Down in Mexico
by Anna Barto
Corey’s Mexican host family lived a few blocks from the university, on a narrow street lined with stucco walls and orange flowering Tabachín trees. Every day when he returned from class, he pressed the buzzer and waited for Mari Carmen, the maid, to come unlock the wrought iron gate, and followed her up the brick walk to the door. She walked without hurry, long black braid swinging between her shoulder blades.
The house was bigger than Corey had expected, bigger than his parents’ back in Beloit: two stories, white, and with porticos on all sides overlooking the parrot green lawn. Inside was cool and dim, and every step resounded on the tiles. There were bars on the windows, but no screens. Flies buzzed in and out, crawling over the brocade furniture.
Corey saw more of Mari Carmen than he did the family. She served him breakfast before he went to school and comida when he returned at four. The family took their meals earlier in the formal dining room. Corey ate at the kitchen table, in front of the television. He watched novellas and game shows while Mari Carmen reheated leftovers on the comal.
“How come almost everyone on TV is blond?” he asked. “I haven’t seen one blond person since I got here, except for tourists.”
Mari Carmen brought over the pitcher of agua de jamaica, bowing her head to refill his glass.
“I don’t know. Because blonds are pretty?”
He had difficulty understanding her. He thought maybe she didn’t know Spanish well, that she came from one of the villages outside the capitol where they still spoke indigenous languages. She couldn’t be more than 20, but her face made him think of the ancient ones he’d seen carved in stone at the Museum of Anthropology, cheekbones spread like wings on either side of her long, straight nose.

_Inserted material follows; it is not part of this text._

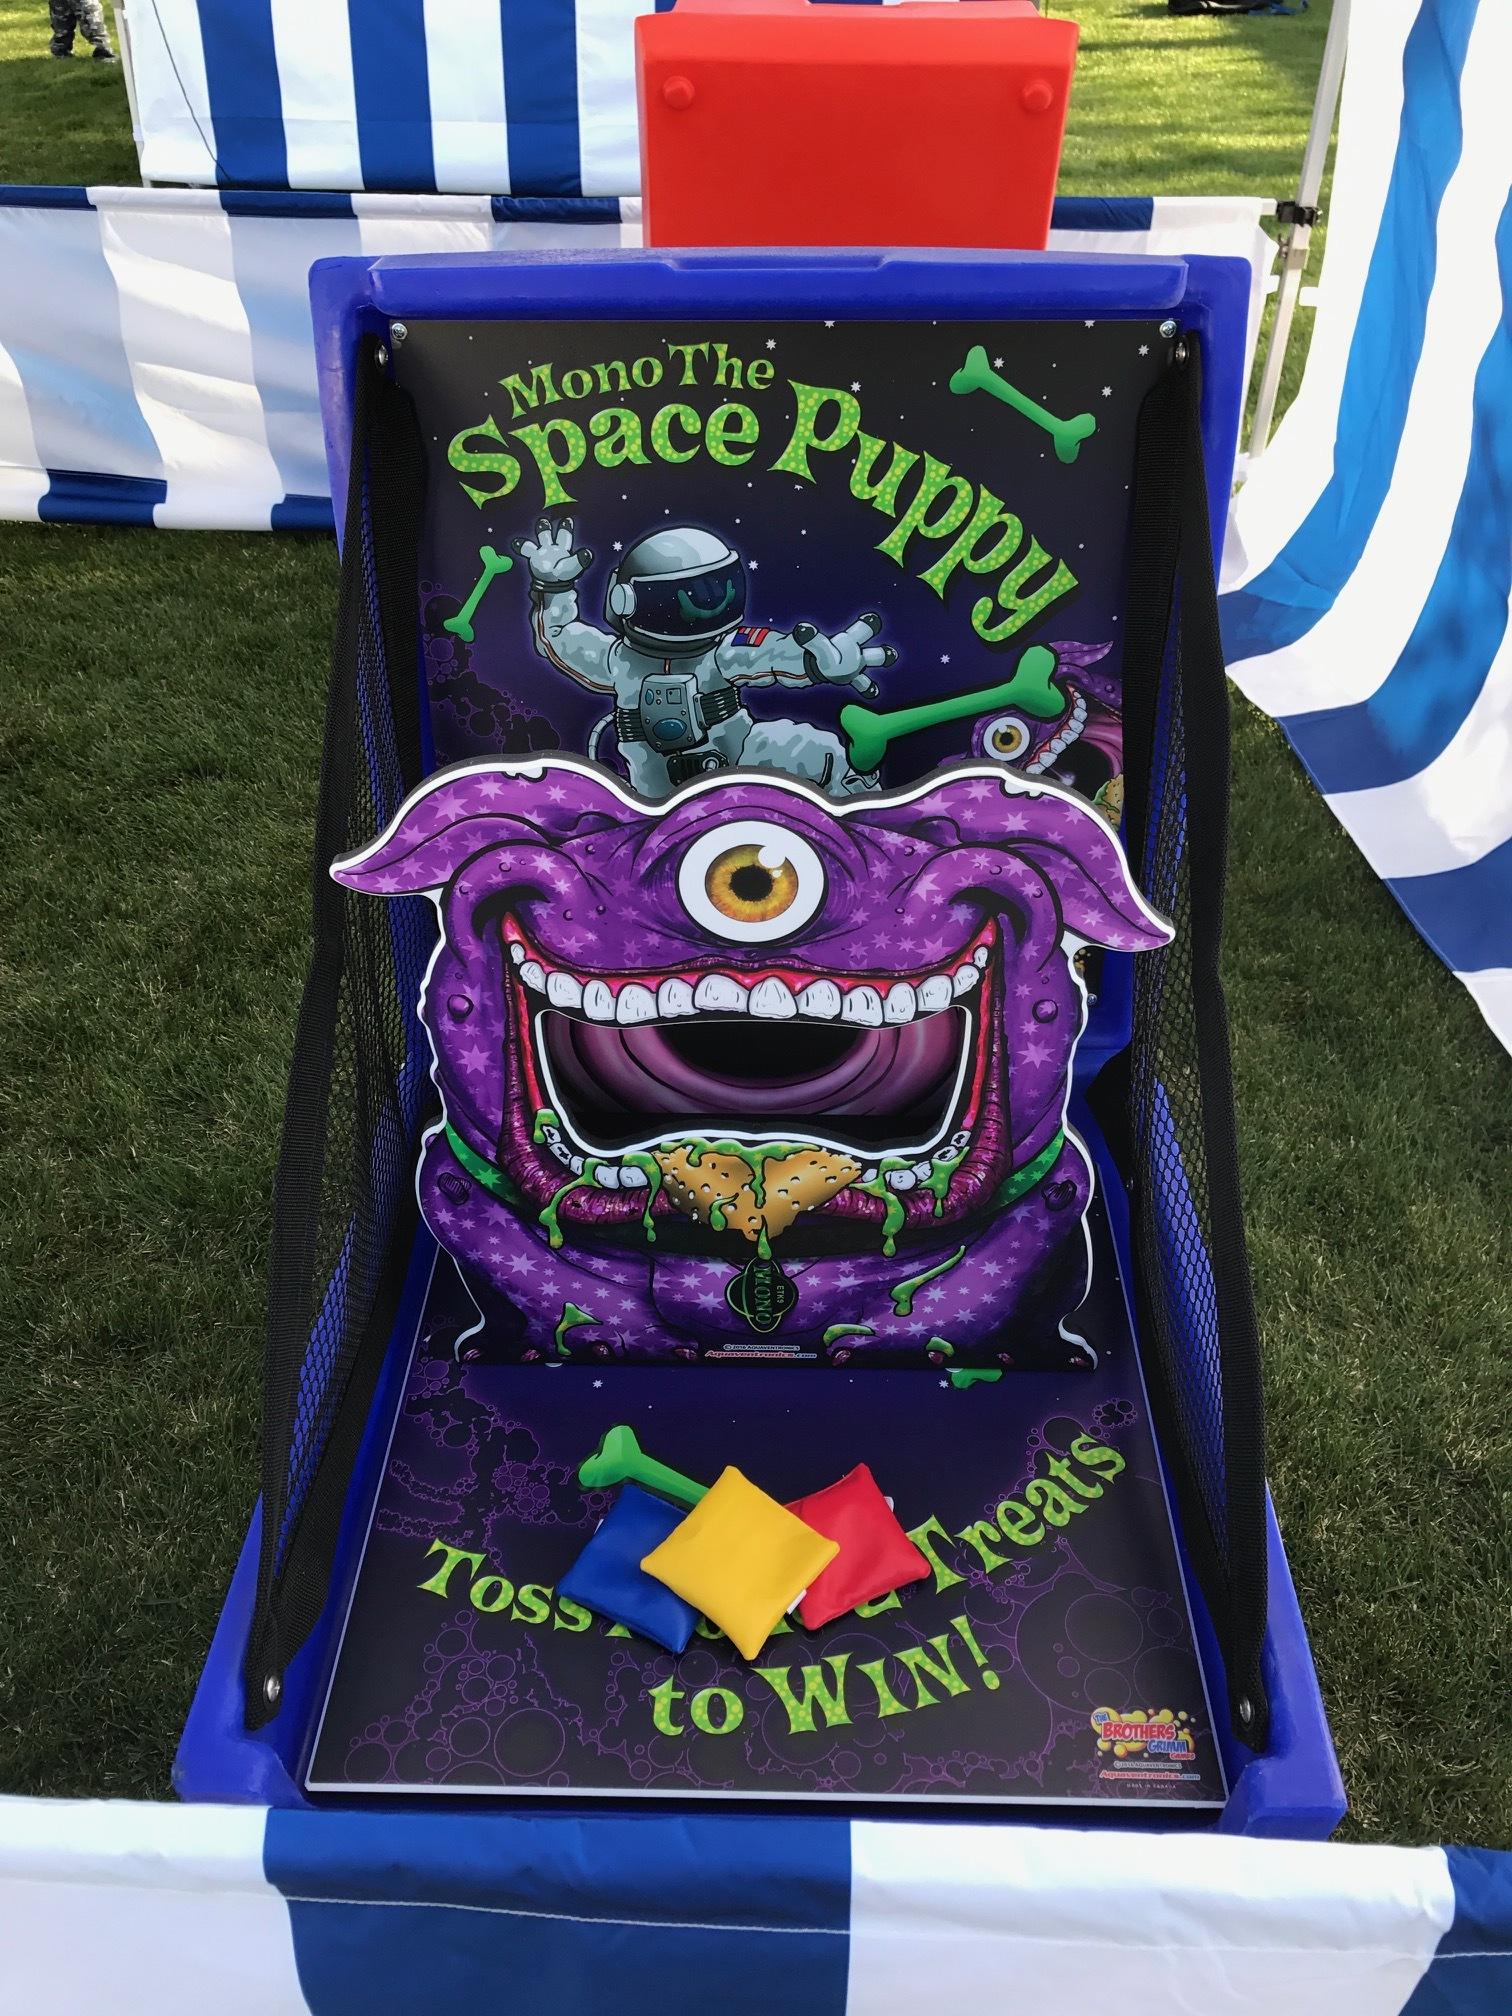 Space Puppy!

“I’ve always liked brunettes,” he said.
Mari Carmen blushed and turned back to the stove. Her fingertips grazed the hot iron as she flipped the tortillas.
When Mari Carmen was around Corey, she could never think of what to say. Only later, when he was in class, or at night, when she tried to sleep, did she think of all the clever things she should have said. Her room—a cinderblock afterthought anchored by rebar to the flat roof—trapped the heat of the day. She lay on top of the sheets, sweat beading her skin, and thought about Corey. She thought about his curly blond hair and eyes that were green or grey, depending on what color shirt he was wearing. She thought about his white skin that burned easily in the Mexican sun. There was a line on his arm, just above his sleeve, where the white showed when he reached for the basket of tortillas. She remembered that she still had a jar of calendula salve she’d brought from her home town, where the yellow flowers dotted the mountainside in autumn. Her mother scraped off the petals and boiled them down with wax until it formed a thick paste that was good for chapped hands and kitchen burns. It would be good for sunburns, too . Mari Carmen started carrying the tiny jar around in her huipil, where the fabric bagged between her breasts, waiting for the right time to give it to Corey. When the cool glass rolled against her skin, it made her think about him. She imagined rubbing the salve on his skin, under his shirt where he couldn’t reach. These thoughts made her queasy, but she got to like the feeling and would think these thoughts on purpose, while she did dishes or ironing, or while the Señora chattered on and on about her sons and how all they did was play video games and throw their father’s money away on alcohol and loose women.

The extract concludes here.